The first service that receives the request generates a trace ID — a globally unique identifier (typically a 32-character hexadecimal string). This trace ID travels with every outgoing HTTP call as a request header — traceparent in the W3C standard, or a custom header like x-trace-id in older setups. Each downstream service reads the incoming header, creates a child span under the same trace ID, and forwards the header to any services it calls in turn.

The result: all spans share the same trace ID and can be assembled into a complete picture of the request.

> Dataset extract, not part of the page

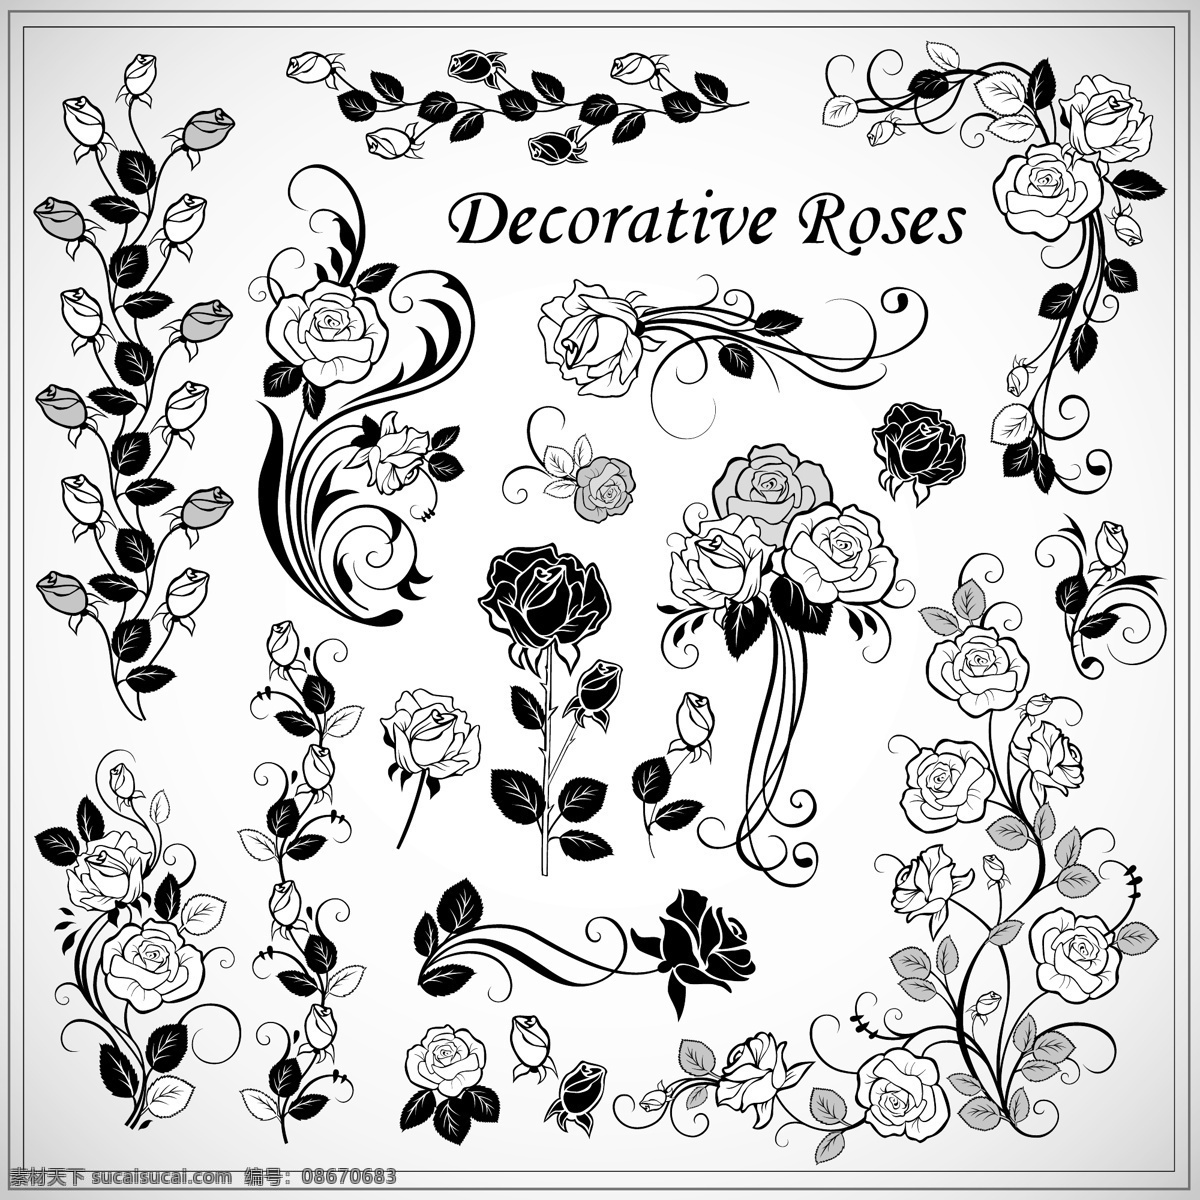 装饰 玫瑰 图案 矢量 装饰的玫瑰 玫瑰的图案 花纹 边框 自由 背景 下 复古 矢量图 花纹花边

Distributed Trace: User Request Through Microservices and an AI Agent

A user's search request flows through five services: API Gateway, Auth Service, AI Gateway, LLM Provider, and the Database. Each service creates a child span under the same trace ID. The waterfall view reveals that the LLM call accounts for 87% of the total response time — the root cause of the slow response.

Rendering diagram...

The trace ID in logs is the critical link: When engineers investigate an incident, they start with a metric alert ("error rate is 8%"), find a representative trace, and then search logs filtered by that trace's trace_id to see the raw event details. Without the trace ID in your log lines, you cannot make this connection. Always log the trace_id on every line in a request's handler — it is the thread that ties all three pillars together.

Tracing an AI Agent Turn#

An AI agent turn is not a single function call — it is a loop: observe context → call LLM → parse response → call a tool → observe result → call LLM again. The loop exists because the agent cannot complete its answer in one step when it needs external information: it must call a tool, wait for the result, and only then can the LLM decide what to do next. Each iteration produces a new set of spans, all sharing the same trace ID for the user's original request.

Rendering diagram...

In this trace, the waterfall will show two llm.call spans and one tool.execute span, all under the same trace_id: abc123. If the second LLM call is unexpectedly slow, you can see it immediately. Without this trace, you would only know that the overall agent response took too long — you would have no way to tell whether the delay was in the first LLM call, the tool execution, or the second LLM call.

Token accounting per span: For each llm.call span, record the input tokens, output tokens, and estimated cost as span attributes. In a multi-turn agent, token usage compounds across turns: each subsequent LLM call includes the full conversation history from previous turns as context. A trace that shows span 1 used 1,200 tokens and span 2 used 3,800 tokens tells you the tool result was very large — possibly because the database query returned far more data than the agent actually needed, inflating both cost and latency.

SLIs, SLOs, and SLAs: Defining "Good"#

Before you can know whether your system is working well, you need to agree on what "working well" means — precisely enough that you can measure it automatically. The SLI/SLO/SLA framework gives you the vocabulary to do this.

TermWhat It IsExample
SLI (Service Level Indicator)The actual measurement — a specific metric you collect to describe reliability or qualityThe fraction of API requests that complete in under 500ms over a rolling 30-day window
SLO (Service Level Objective)Your internal target — the threshold the SLI must meet for the service to be considered healthy99.5% of requests must complete in under 500ms (the SLI must reach this target)
SLA (Service Level Agreement)A formal contract with customers — the minimum acceptable level, with financial or legal consequences if broken99.0% uptime per month; customers receive service credits if this is breached
Error BudgetThe allowable room between your SLO and 100% — how much unreliability you can spend on deployments, experiments, and incidents before the SLO breaksWith a 99.5% SLO, the error budget is 0.5% of requests = ~3.6 hours of downtime per month

The relationship between the three: SLIs are what you measure. SLOs are what you target internally. SLAs are what you promise externally. A well-run team sets SLOs tighter than their SLA to maintain a buffer — if the SLA is 99.0% uptime, an internal SLO of 99.5% means the team can absorb some degradation before the customer contract is actually at risk.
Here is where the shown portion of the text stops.